Annegrit Laubenthal (ed.)
Studien zur Musikgeschichte. Eine Festschrift für Ludwig Finscher, Bärenreiter, Kassel 1995 (in collaboration with Kara Kusan-Windwehk).
Review: Oly Psychopedis-Frangou
Annegrit Laubenthal (ed.), Studien zur MusikgeschichteOn the occasion of the sixtieth anniversary of Ludwig Finscher the contributions in this commemorative volume – written by eighty-four scholars of two generations – elaborate a particularly wide range of topics on historical musicology, starting from early Middle Ages and ending up to date with papers on figures like Bartók, Casella, Stravinsky, Schoenberg and Adorno. A common characteristic for most of the papers is that they refer to fields and issues that have been an object for research or have been used as an opportunity for research by Ludwig Finscher himself.
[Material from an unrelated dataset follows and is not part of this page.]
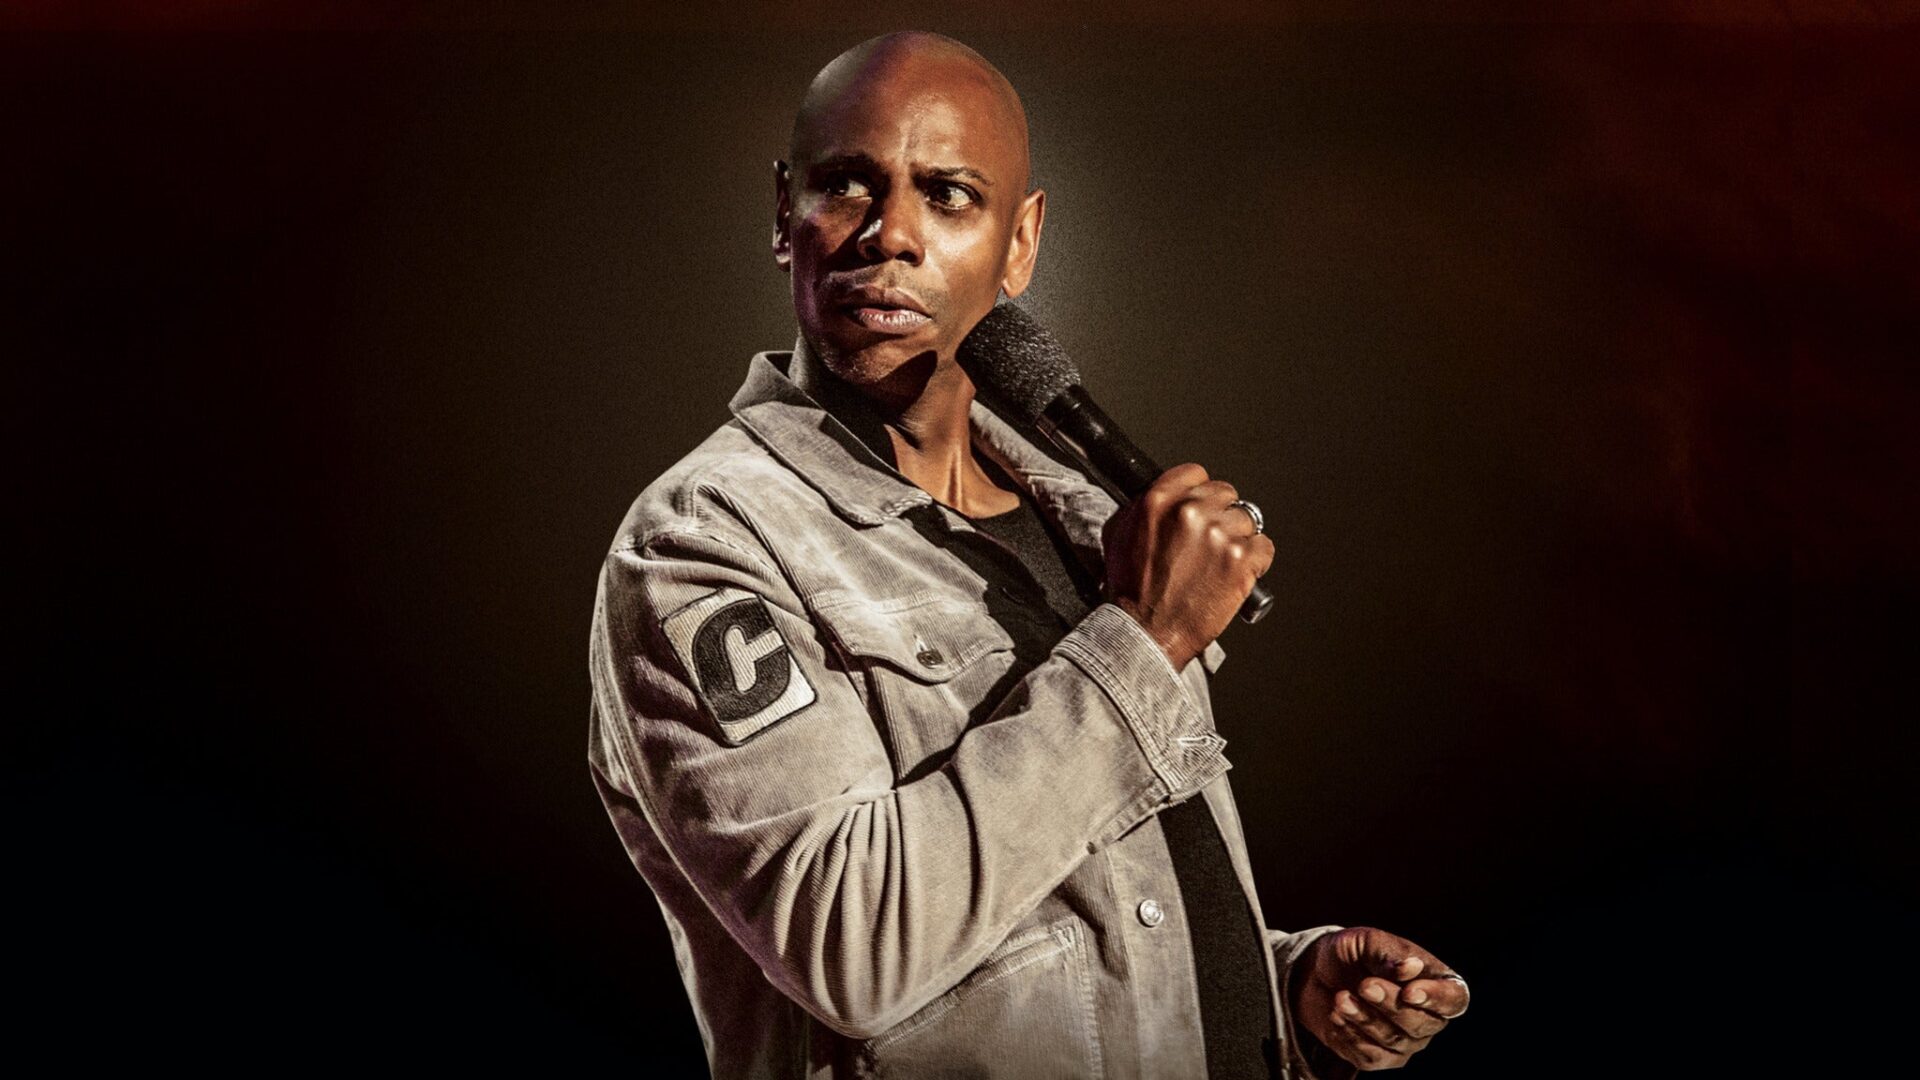 Dave Chapelle coming to Arundel Mills for 10th anniversary celebration at Live! Casino & Hotel

As a par excellence representative of the musical-historical approach and research, L. Finscher contributed a lot to expand the boundaries of this approach and to reach its most current dimensions and methodologies.
The democratic spirit, the social and political responsibility and a predisposition for a synthesis between the most accurate historical-philological methods with sociological contents, are common features for most of the contributions. These features place musicology – a conservative and severe discipline – in the avant-garde of the historical-philological disciplines.
Certain common modern features of the methodologies implemented in most of the papers are:
  1. A tendency to link music with other social and artistic fields.
  2. The association with contemporary trends in aesthetics, linguistics and analysis.
  3. In the papers dealing with analysis and the interpretation of certain works, the scrutiny of absolute music from a literary-critical point of view that refer to semantic dimensions of these works.
  4. The comparative reference and critical approach of the works in terms of the history of genres, forms and styles – a method that encompasses the force of German musicology.
It would take a whole team of musicologists for an analytical discussion of this volume. Besides, such and endeavor would be possible only in the context of particular specialized research on relevant topics. The review of this volume displays the most important issues approached by the contributors, such as the problem about attributing content different from the composers intentions, the problems and contradictions of teaching music theory on an academic level, the relation between music analysis and other fields (like philosophy, mathematics, logics, physics, linguistics, psychoanalysis), the issues concerning aesthetic judgment in the tradition of the Enlightenment and many more.
Finally, the review makes a special reference to the paper of Andreas Jaschinsky about the new edition of the music encyclopedia Musik in Geschichte und Gegenwart. Ludwig Finscher – as a successor of Fr. Blume – is the general editor of the new edition. Special reference is made to the new spirit that distinguishes this edition from the old one. This new spirit is reinforced by the tendency to illuminate the same subjects in various entries and from various points of view. It is also reinforced by the methodological principle of introducing the topics historically and systematically as well. The editors are interested in including specialized knowledge from neighboring disciplines (philology, physics, mathematics etc.), as well as entries concerning the history of music since 19th century – areas that have been considered peripheral or marginal. The editors had to respond to the challenges of contemporary accumulated information and of the rapid development of interdisciplinary research that refers to future. This is one of the most important publishing achievements of contemporary musicology, considering that the entries included are not constrained just to inform readers, but they are designed to motivate research on new subjects.